No matter how many times in your life you’ve professed, “new year, new me,” there are parts of your personality that do tend to stay the same from childhood, for better or worse. This is the idea behind attachment styles, a theory developed by British psychoanalyst John Bowlby in the 20th century. Bowlby theorized that an infant’s access (and perceived) access to a parental figure results in how safe and protected they feel. There are four different attachment styles, and each can shed a light on how a person may act and feel in their relationships later in life.
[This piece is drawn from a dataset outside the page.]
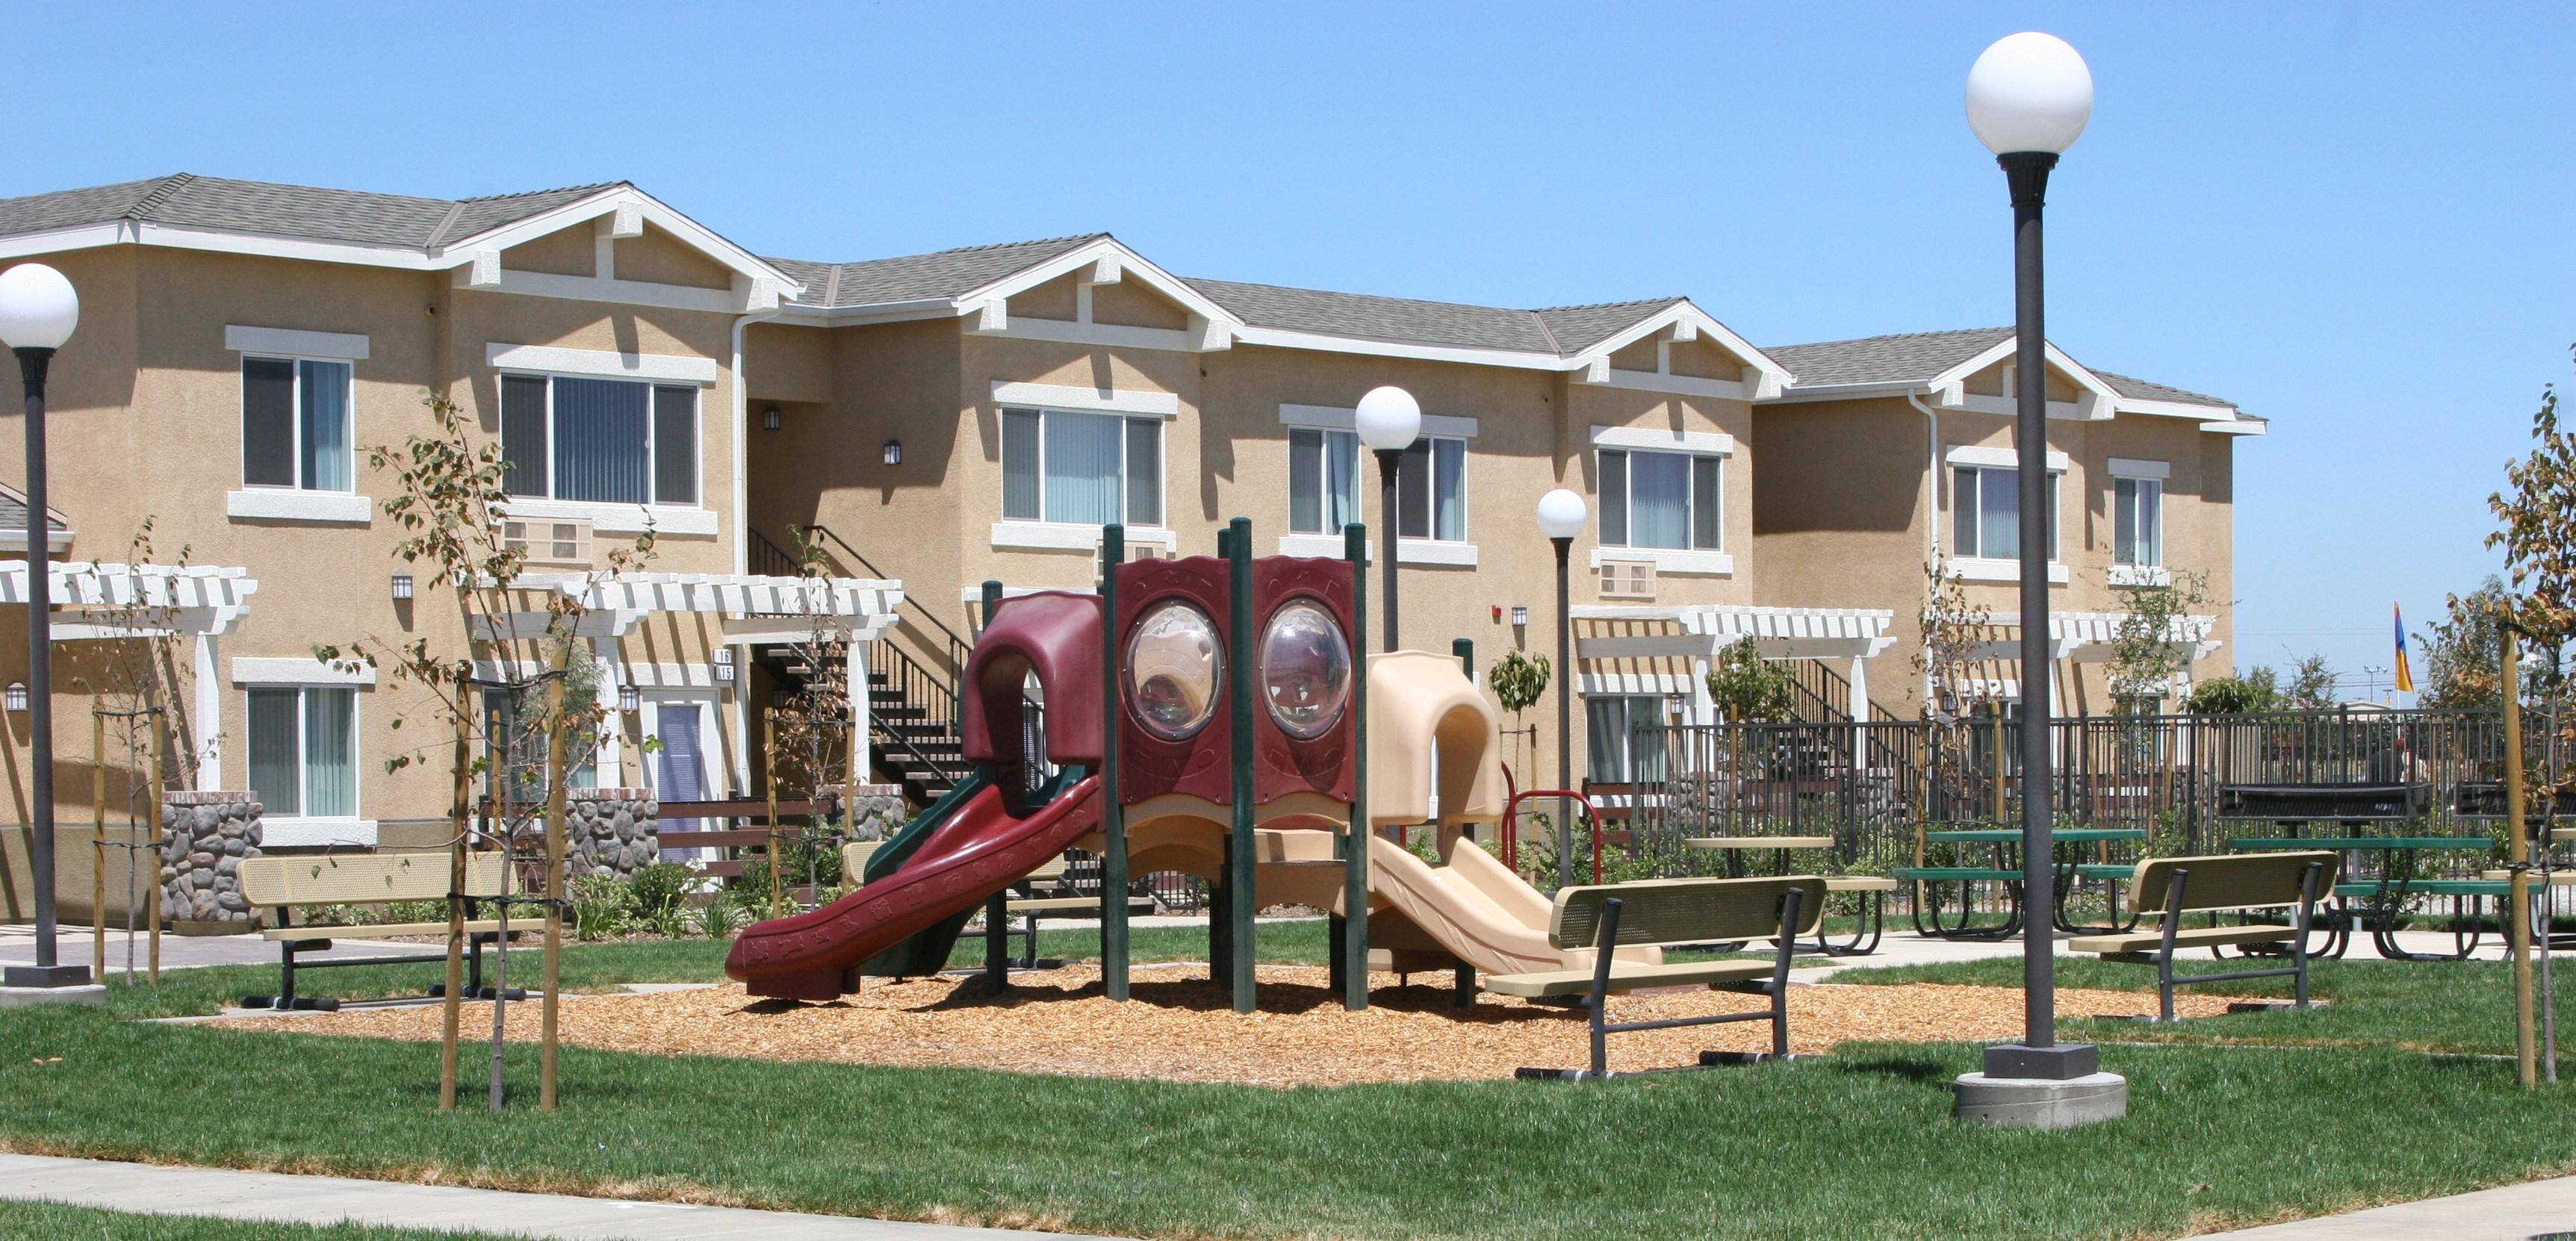 Pacheco Village, 2241 Gilbert Gonzalez Jr. Dr., Los Banos, CA

It’s no surprise why many have turned to this theory to better understand why people act the way that they do in their romantic relationships.
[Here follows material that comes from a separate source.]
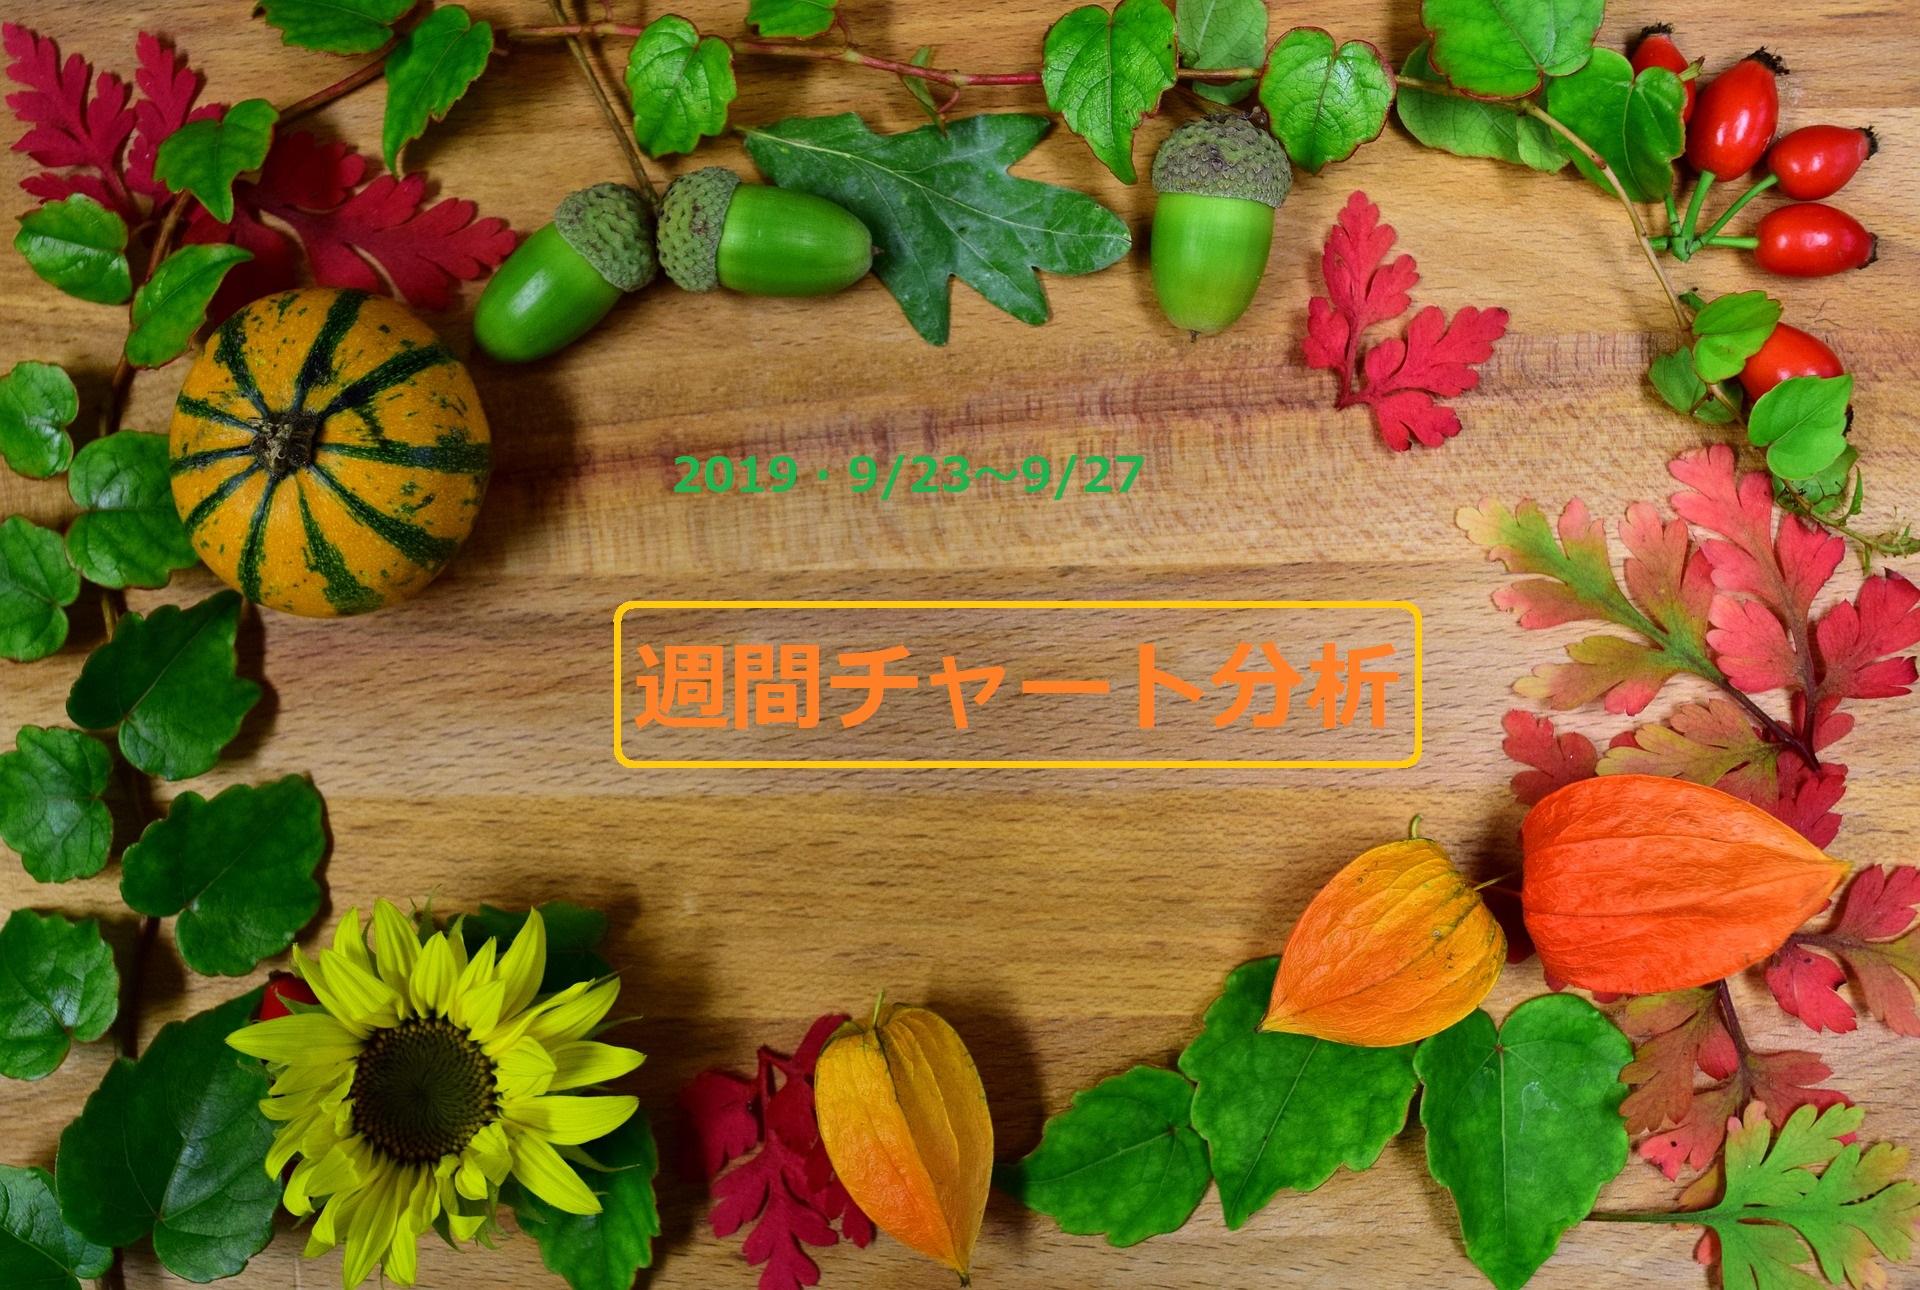 【FX】週間チャート分析・ドル円【2019・9/23~9/27】

University of Denver researchers Cindy Hazan and Phillip Shaver were the first to study how attachment styles may come into play with romantic relationships, publishing their findings in 1987. They posited that Bowlby’s original theory could help people to better understand what kinds of actions are beneficial or harmful in a relationship: “Attachment theory not only provides [a conceptual] framework, but it also explains how both healthy and unhealthy forms of love originate as reasonable adaptations to specific social circumstances.”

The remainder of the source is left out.